Predicting Lattice Phonon Vibrational Frequencies Using Deep Graph Neural Networks

TL;DR

This paper introduces a deep graph neural network model that accurately predicts lattice phonon vibrational frequencies from crystal structures, offering a computationally efficient alternative to DFT calculations for materials screening.

Contribution

The work presents a novel deep graph neural network approach that handles variable spectrum dimensions using zero padding, enabling accurate phonon frequency predictions from crystal structures.

Findings

Achieved R^2 scores of 0.554 and 0.724 on two datasets.

Demonstrated capability to predict phonon spectra beyond density of states.
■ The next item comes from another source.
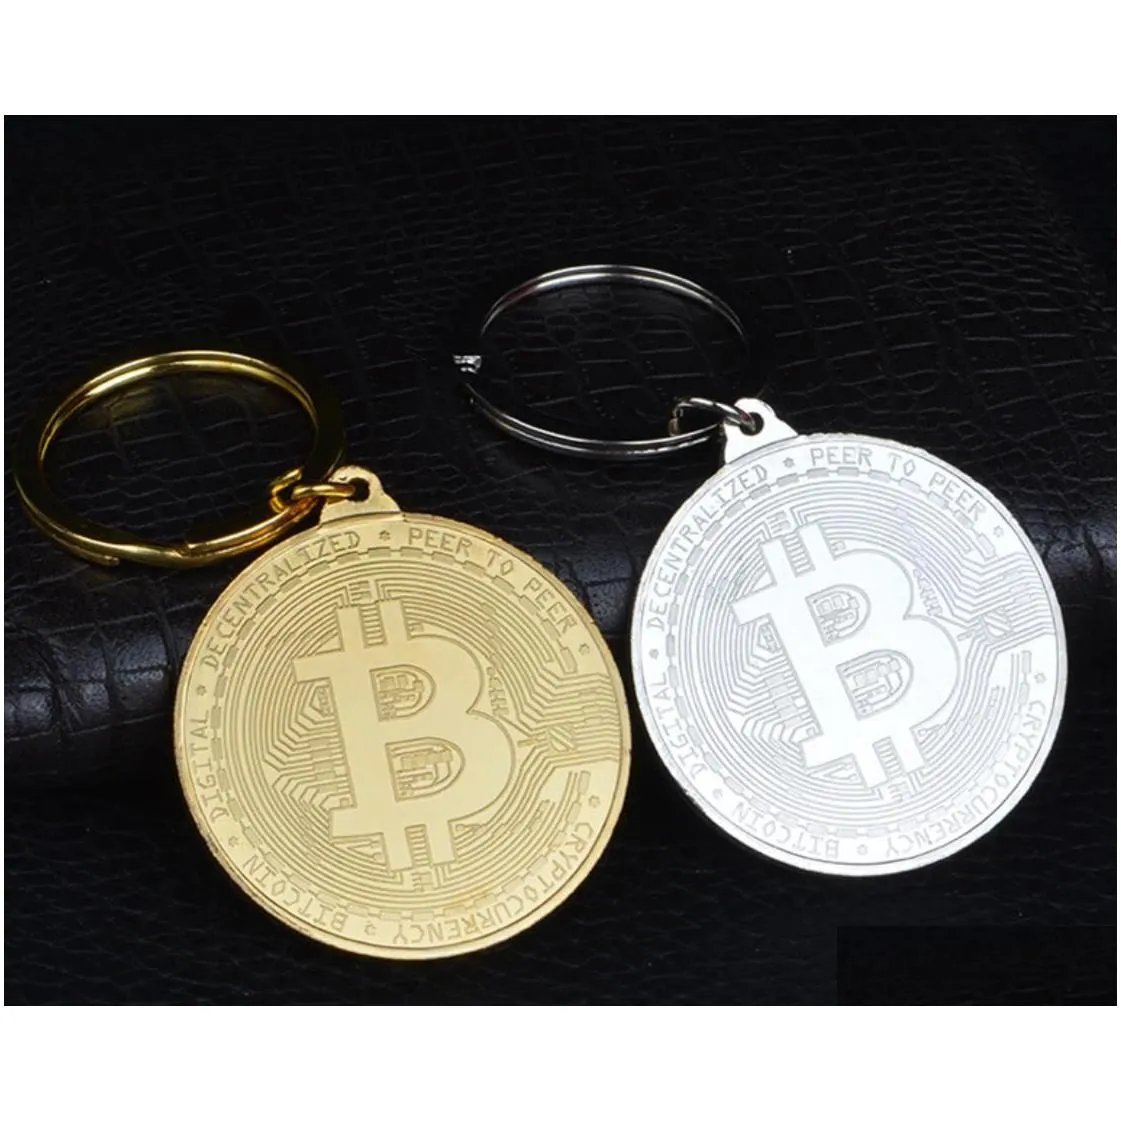 goldbtc keychain novelty party favor souvenir gift commemorative metal keyring token

Addresses variable spectrum dimension with zero padding scheme.

Abstract

Lattice vibration frequencies are related to many important materials properties such as thermal and electrical conductivity as well as superconductivity. However, computational calculation of vibration frequencies using density functional theory (DFT) methods is too computationally demanding for a large number of samples in materials screening. Here we propose a deep graph neural network-based algorithm for predicting crystal vibration frequencies from crystal structures with high accuracy. Our algorithm addresses the variable dimension of vibration frequency spectrum using the zero padding scheme. Benchmark studies on two data sets with 15,000 and 35,552 samples show that the aggregated $R^2$ scores of the prediction reaches 0.554 and 0.724 respectively. Our work demonstrates the capability of deep graph neural networks to learn to predict phonon spectrum properties of crystal structures in addition to phonon density of states (DOS) and electronic DOS in which the output dimension is constant.